Keywords: Holter, premature atrial contractions, premature ventricular contractions, supraventricular ectopic beats, ventricular ectopic beats

1. Introduction

Premature atrial and ventricular ectopic beats—aka premature atrial contractions (PACs) and premature ventricular contractions (PVCs)—are the most common findings on an ambulatory electrocardiogram (aECG). Frequent PACs from aECG recording are linked to an increased risk of atrial fibrillation (Larsen, Kumarathurai, Falkenberg, Nielsen, & Sajadieh, 2015) and mortality (Lin et al., 2015). Similarly, frequent PVCs are associated with AF (Binici, Intzilakis, Nielsen, Kober, & Sajadieh, 2010), heart failure (Dukes et al., 2015), stroke (Engstrom, Hedblad, Juul‐Moller, Tyden, & Janzon, 2000), and mortality in population‐based studies (Binici et al., 2010; Dukes et al., 2015; Ahn, 2013). In light of the prognostic significance of ectopic beats, there is a need to better understand the measurement variability of PACs and PVCs.

Most prior studies used 24‐ to 48‐hr aECG recording when assessing PACs and PVCs (Larsen et al., 2015; Lin et al., 2015; Binici et al., 2010; Dukes et al., 2015; Engstrom et al., 2000; Ahn, 2013; Chong et al., 2012). These studies, however, did not report the repeatability of PACs and PVCs, which would provide critical information about measurement variability that could impact interpreting the results. Repeatability of PVCs has been reported among clinical populations and those with ≥30 PVCs per hour (Winkle, 1978; Michelson & Morganroth, 1980; Anastasiou‐Nana, Menlove, Nanas, & Anderson, 1988; Raeder et al., 1988; Sami et al., 1980), but not among a community‐dwelling population. Furthermore, there is no consensus on the desirable length of aECG recording to detect ectopic beats. The aim of this study was to evaluate the reproducibility of PACs and PVCs in 48‐hr aECG recording and evaluate the influence of length of aECG recording on the repeatability estimates among a community‐dwelling population of older white and black adults in the Atherosclerosis Risk in Communities (ARIC) 48‐hr ambulatory ECG study.

2. Methods

2.1. Study population

Selected participants in the ongoing ARIC study, a longitudinal population‐based cohort study of cardiovascular disease and its risk factors, were invited to participate in an ancillary study that performed 48‐hr aECG recording. Participants were selected from two sites (Forsyth County, NC, and Jackson, MS) from among those attending the 5th ARIC study visit (2011–2013). The repeatability study described herein targeted the selection of 50 participants from each site, including 50 women and 60 blacks. A total of 101 participants consented to aECG recording for an additional 48 hrs within 2 months of completing the first 48‐hr recording.
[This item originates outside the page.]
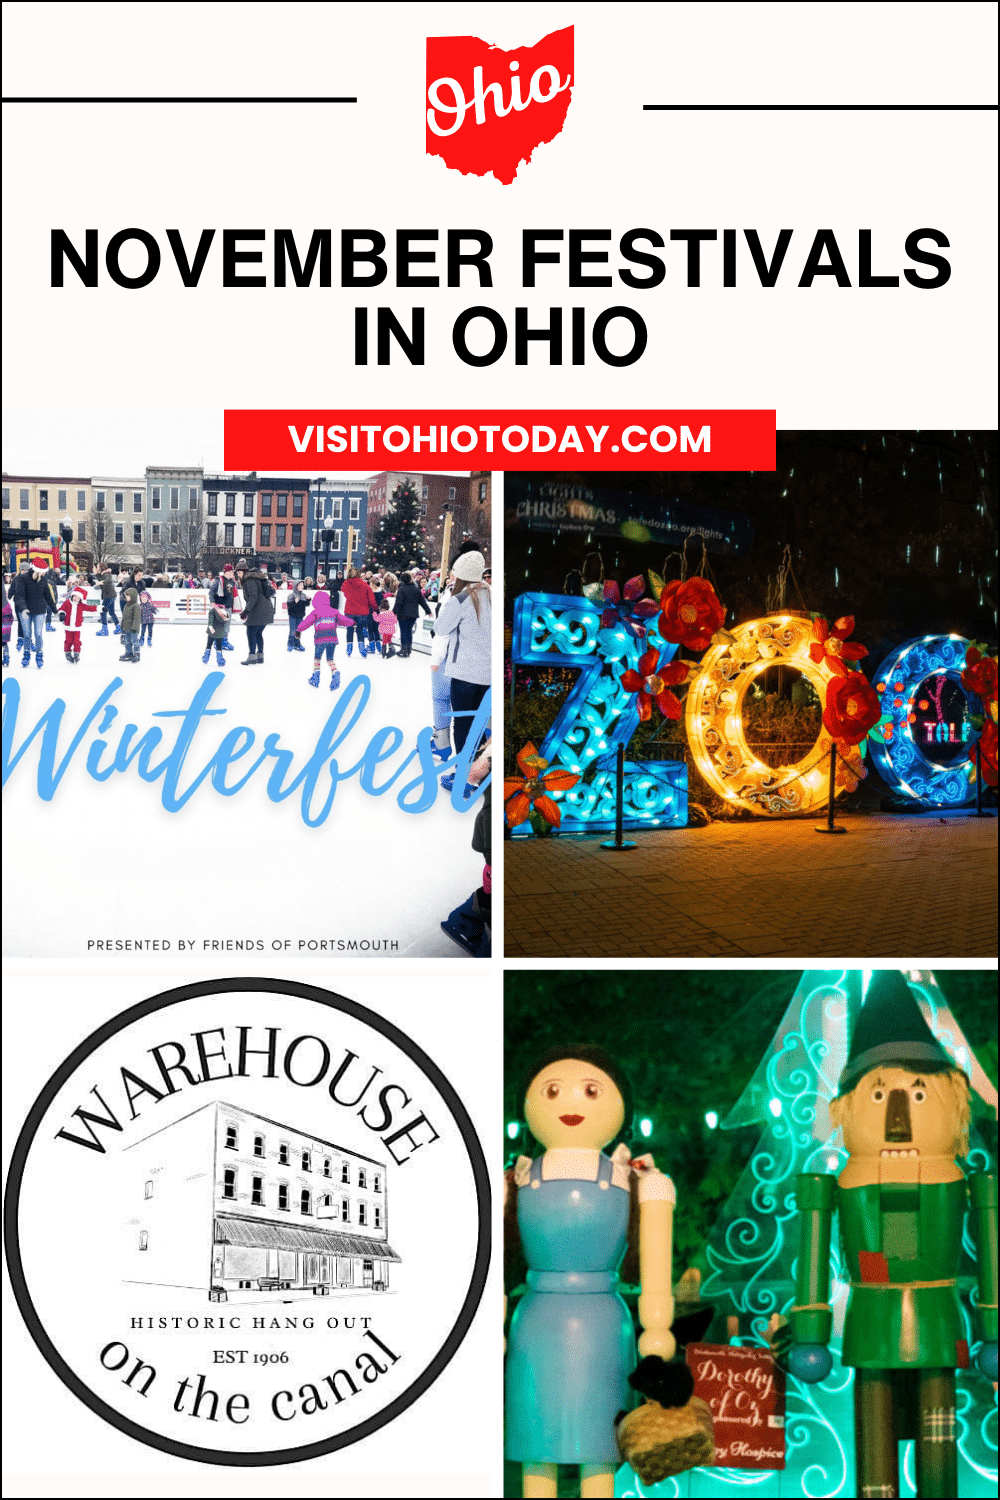 Are you in the spirit of the holiday season yet? This list of November Festivals in Ohio will give you some ideas for ways to celebrate!

At the first visit only, anthropometric and blood pressure measurements were performed, and interviewer‐administered questionnaires were used to obtain medical history and lifestyle information. Participants brought all prescription and nonprescription medications taken within 2 weeks. Medication names, strengths, and units were inventoried and used to therapeutically classify them. Body weight was measured to the nearest 0.1 kg, and height was recorded to the nearest centimeter. Three seated blood pressure measurements were obtained after a 5‐minute rest using an oscillometric automated sphygmomanometer (Omron HEM‐907 XL; Omron Co. Ltd., Kyoto, Japan), and the average of the last two measurements was used. Resting, standard 12‐lead, 10‐s ECGs were recorded following a standardized protocol. ECGs were recorded using the GE MAC 1200 electrograph (GE, Milwaukee, Wisconsin) with a 10 mm/mV calibration at a speed of 25 mm/s and centrally processed using the GE 12‐SL Marquette Version 2001 (GE, Milwaukee, Wisconsin). Hypertension was defined as SBP ≥140 mm/Hg, diastolic blood pressure (DBP) ≥90 mm/Hg, or anti‐hypertensive medication use. Diabetes was defined as fasting glucose ≥126 mg/dl, nonfasting glucose ≥200 mg/dl, anti‐diabetic medication use, or self‐reported physician diagnosis of diabetes. Prevalent coronary heart disease (CHD) and stroke were defined through ARIC cohort surveillance through August 30, 2013.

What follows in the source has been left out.